Potable water is increasingly scarce in San Cristóbal de las Casas, a picturesque mountain town in the southeastern state of Chiapas where some neighborhoods have running water just a few times a week, and many households are forced to buy extra water from tanker trucks.

So, many residents drink Coca-Cola, which is produced by a local bottling plant, can be easier to find than bottled water and is almost as cheap.

In a country that is among the world's top consumers of sugary drinks, Chiapas is a champion: Residents of San Cristóbal and the lush highlands that envelop the city drink on average more than two liters, or more than half a gallon, of soda a day.

The effect on public health has been devastating.  The mortality rate from diabetes in Chiapas increased 30 percent between 2013 and 2016, and the disease is now the second-leading cause of death in the state after heart disease, claiming more than 3,000 lives every year.

It kind of reads like an activist piece where only one side of things is really reported, and it's a somewhat suspicious premise, given that the Times reported that the diabetes mortality rate shot up 30% only from 2013 to 2016 (did it use those three years to spike up a less bad broader trend?), but it's possibly a reflection of the cumulative effect of residents drinking Coca-Cola instead of bottled water.  I remain suspicious of the suddenness of the number, if it were entirely the result of Coca Cola, because if it were, it seems likely that the upward slope would have gone more gradually as the most diabetes-prone succumbed first.  The other thing is, they've been drinking Coca Cola for a long, long while.  Why didn't more die earlier?  The Times doesn't say.

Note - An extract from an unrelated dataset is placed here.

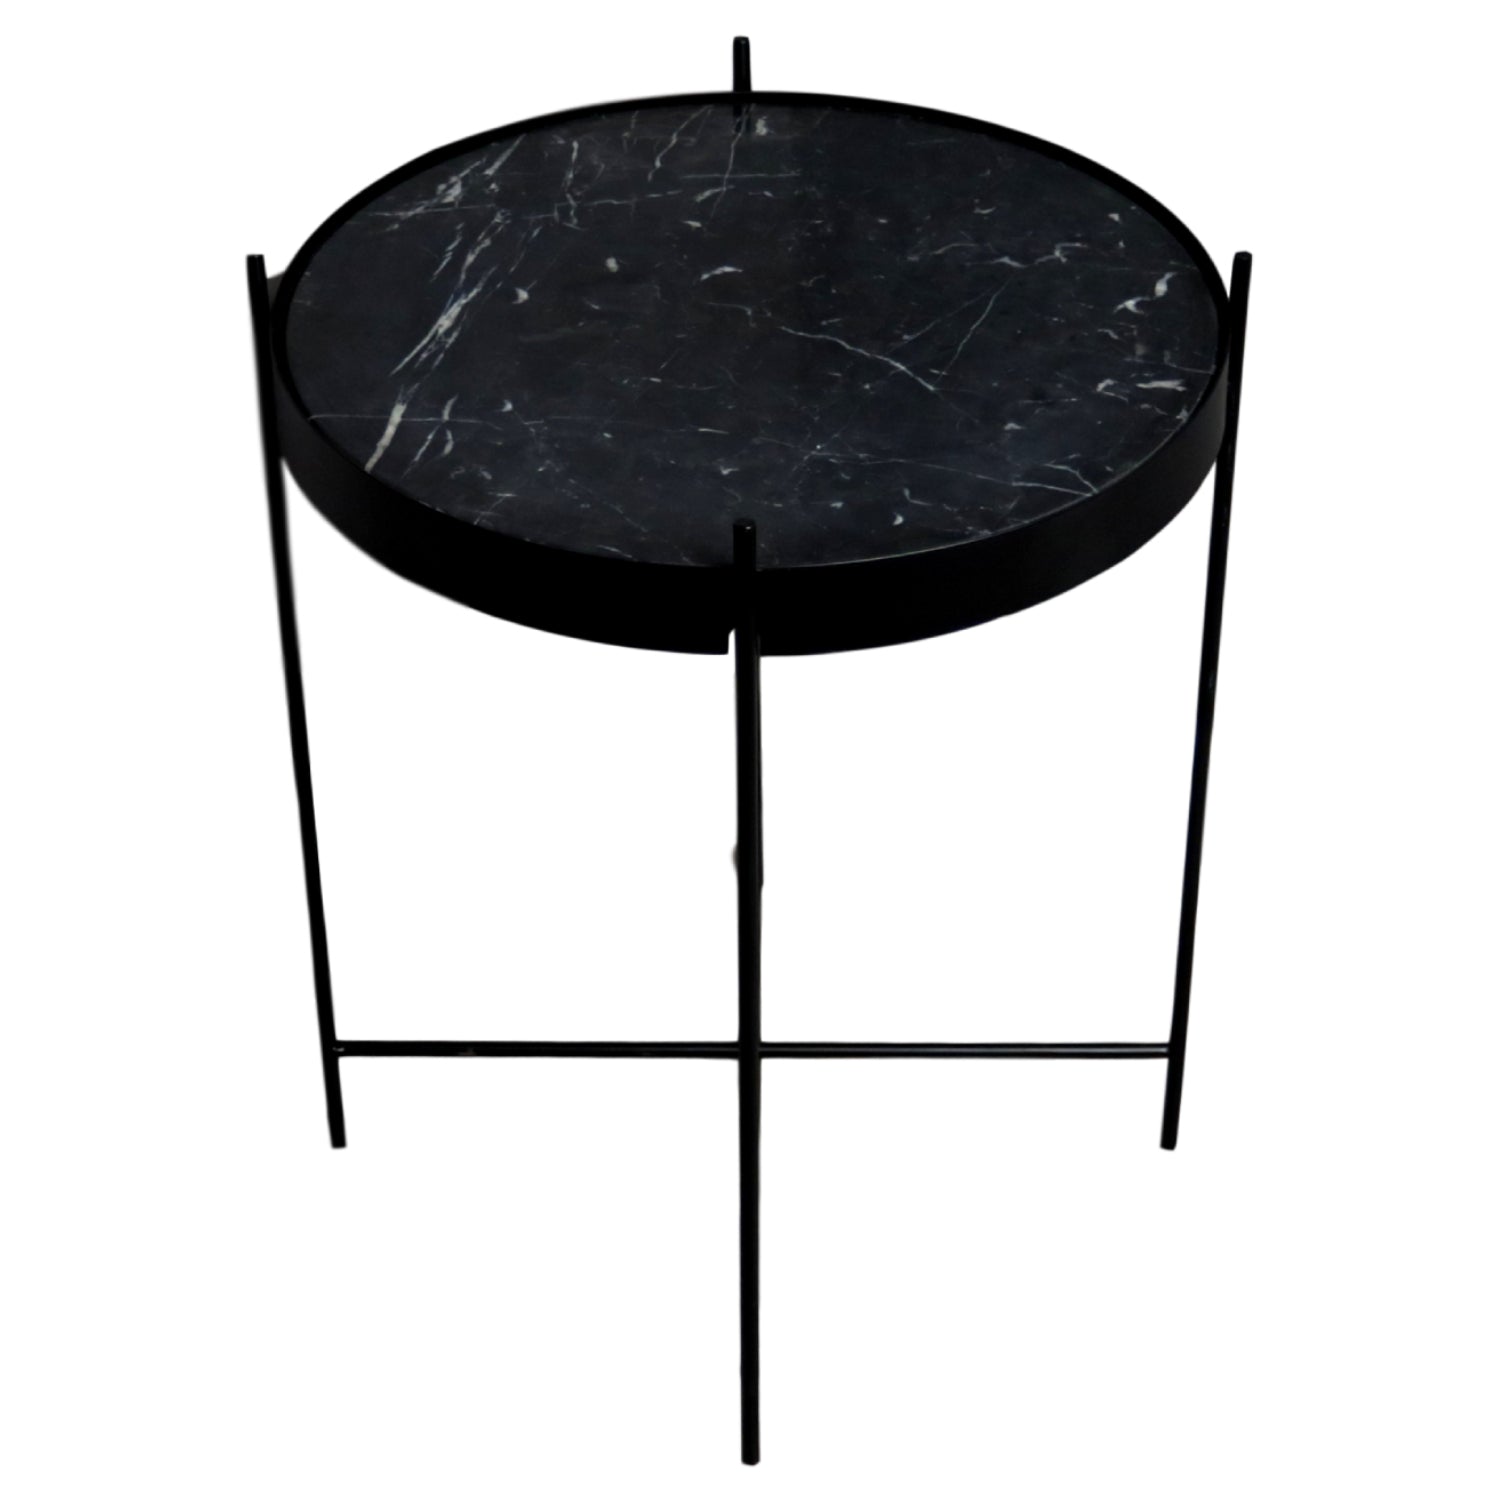 Black marble side table by Native

That said, the Times makes a pretty good case that it was a sweetheart crony capitalist deal with a powerful billionaire-led group over the other local entrepreneurs that depleted the water supply, meaning it wasn't all that free-market a transaction – just more mismanagement of resources by cronied up governments, which ought to be on the spot for it and somehow aren't.  The article says they're big polluters, too, which remains unchecked.  Worse still, the Coca-Cola plant didn't seem to be contributing anything other than 400 jobs to the community.  The taxes all went to Mexico City.  And it seems nobody is doing much to fix the situation, other than some public relations stuff.  Meanwhile, the locals use Coca-Cola in their indigenous religious ceremonies and feed it to their babies, which doesn't sound as though they have a good idea about what their interests are. 

So who was running FEMSA as its chief executive around the time that plant would have gone up?  Well, Vicente Fox.

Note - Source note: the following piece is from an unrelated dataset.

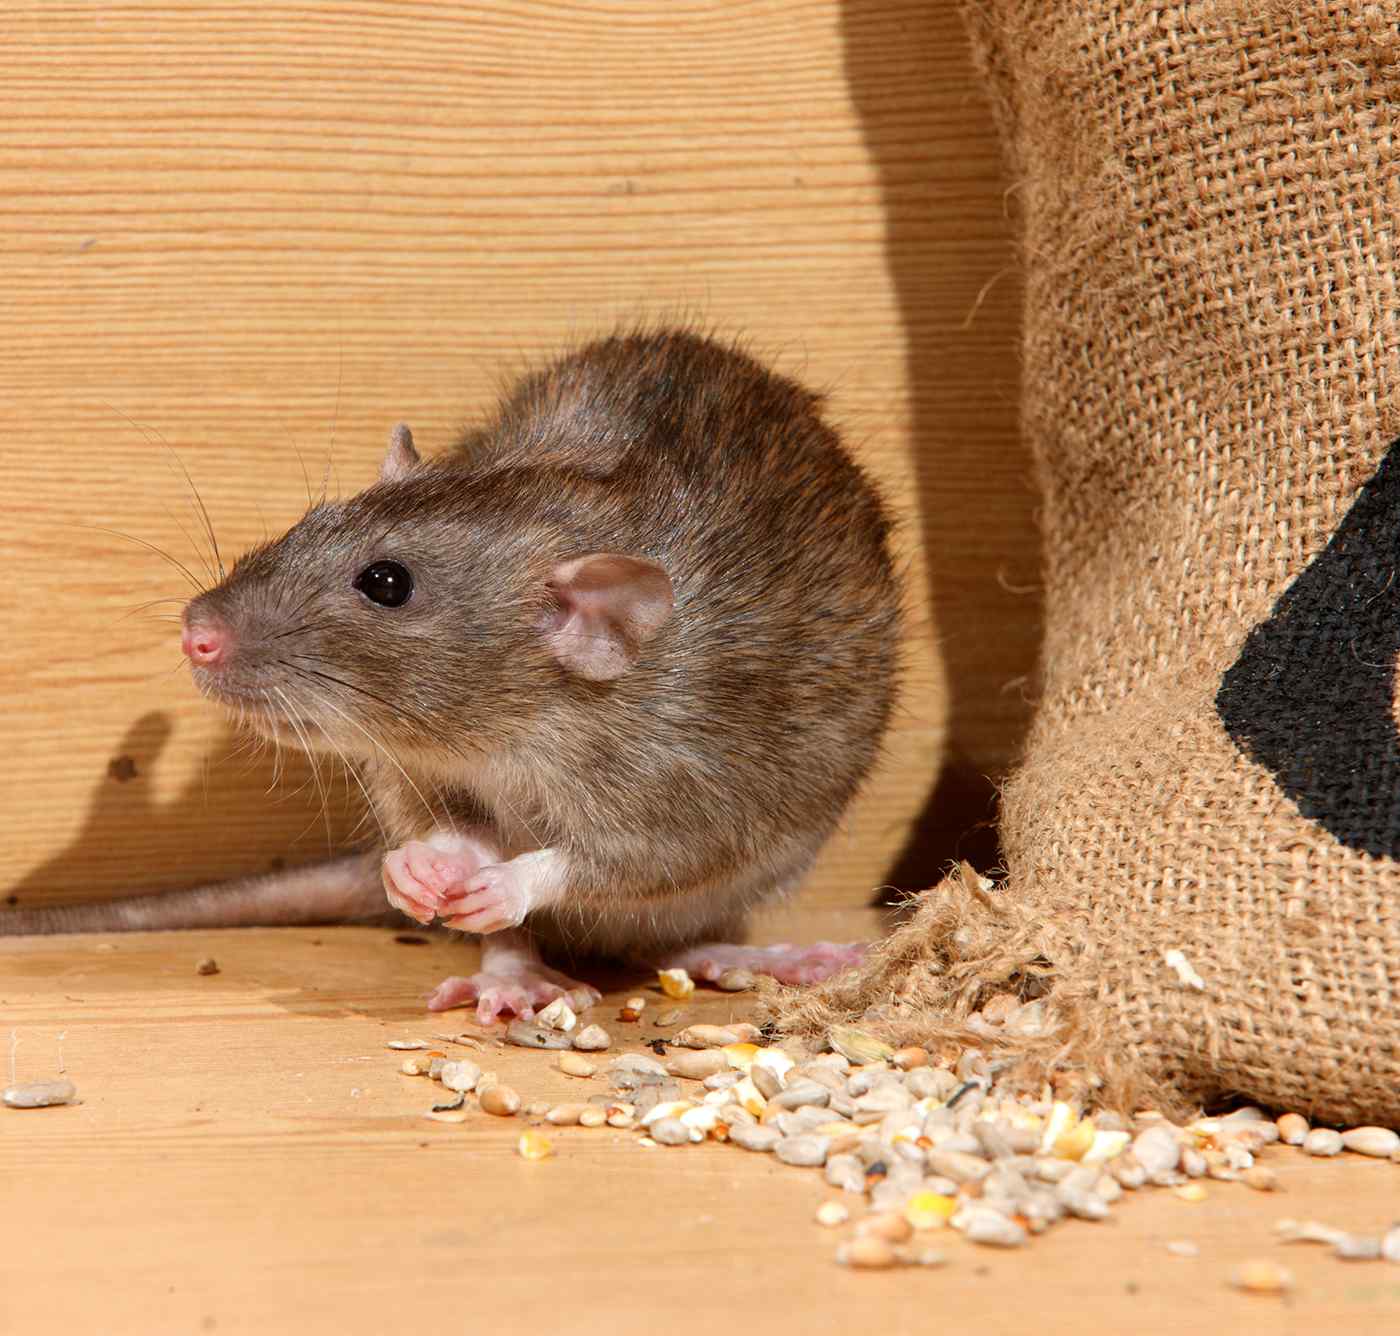 How To Get Rid Of Rats Or Other Rodents In Your Attic - The Bug Master Pest  Control and Disinfecting

The guy who advocates shipping illegals to the U.S. and screams racism at Americans who don't like it is the same guy who wrecked the Chiapas water supply to turn a profit.  The Mexican locals got diabetes from it, they come up here illegally for treatment, and all is hunky-dory from the Vicente Fox point of view.

The story highlights something that really needs to be brought up in the illegal immigration debate: the lousy failures of the governments that ship illegals, something they are rarely ever on the spot for, not the way ordinary Americans are.  Why isn't Fox answering some questions about this, given his record of illegal alien advocacy and wealthy lifestyle?

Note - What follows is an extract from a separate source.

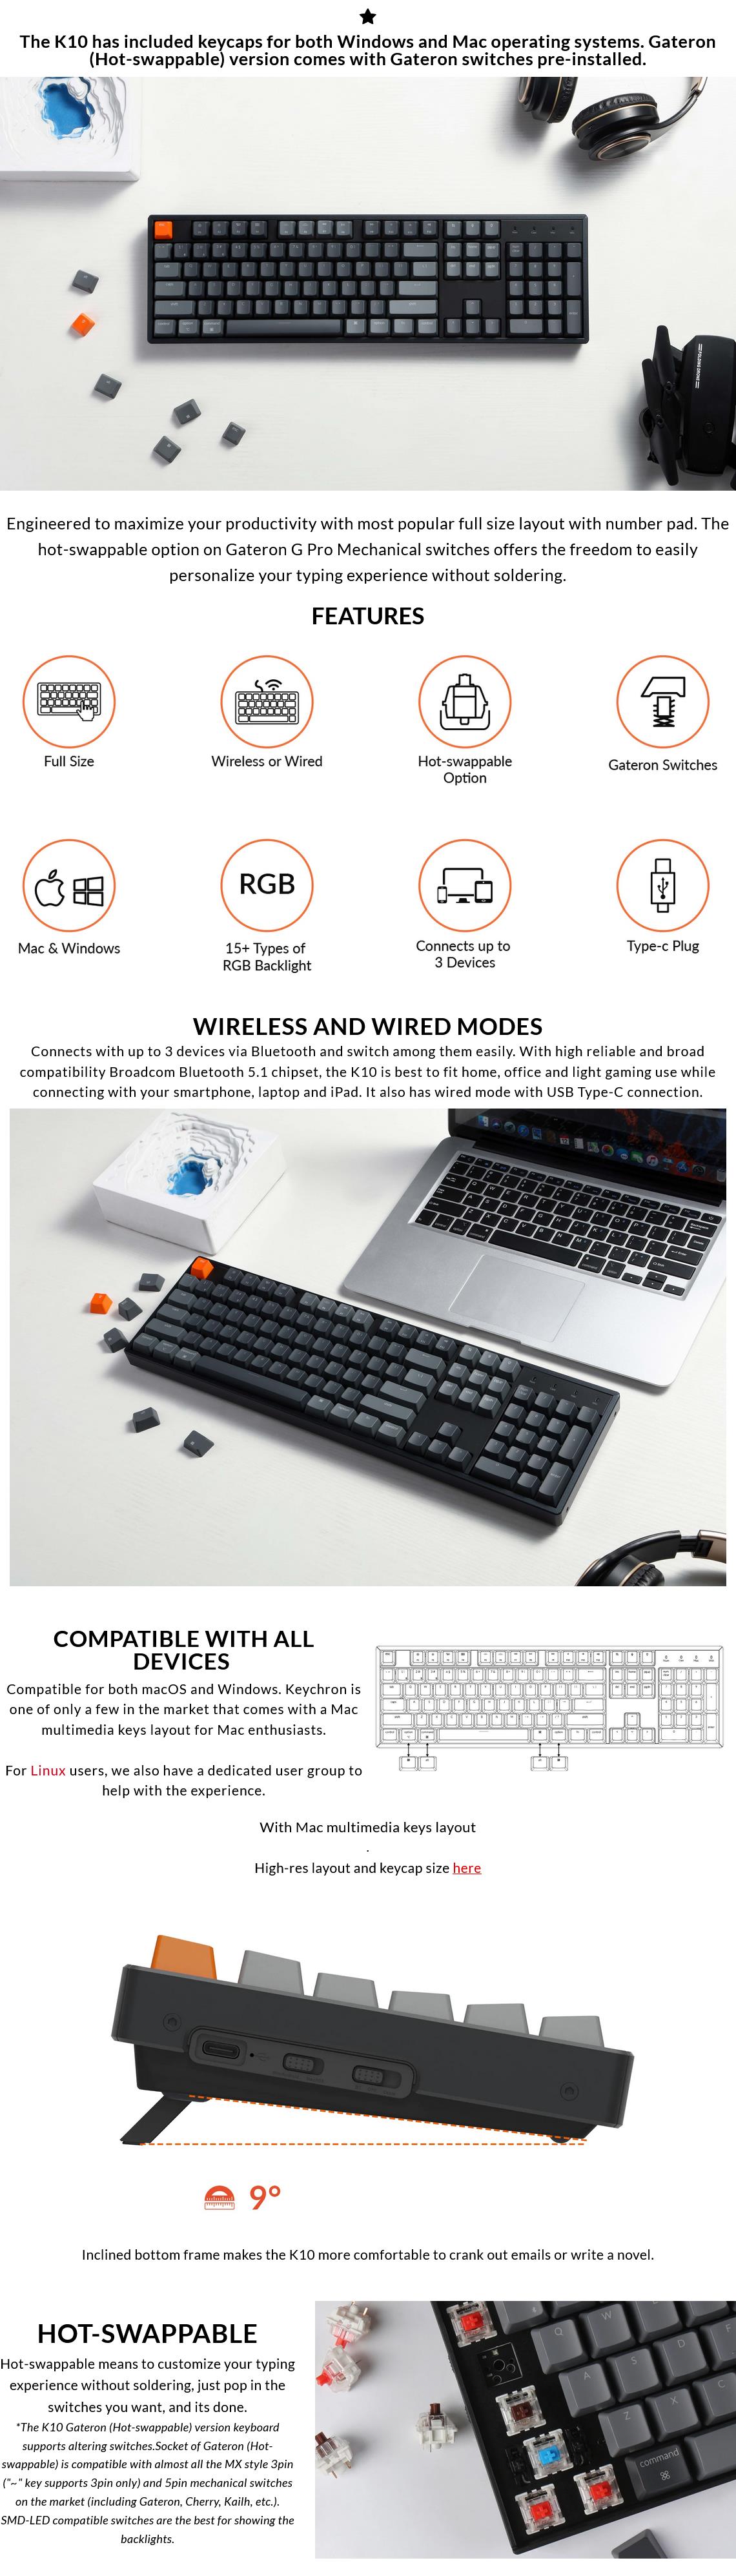 A large marketing image providing additional information about the product Keychron K10 RGB Wireless Mechanical Keyboard (Red Switch) - Additional alt info not provided

Someone needs to put him on the spot for doing such deeds through his business career.  We all know he was a bad president, but apparently, the wreckage started early.  No wonder millions of Mexicans fled the country to El Norte.  Now he's jumped on the pot sales bandwagon, apparently to promote marijuana use and legalization, something else he's been a loudmouth on.

Can someone ask him about that?  This guy has a record of foisting toxic things on Mexicans and expecting us to pick up the bill.  How about a few questions for this hypocrite with such an awful record of harmful products – whether pot; Coke; or, worst of all, Mexican government?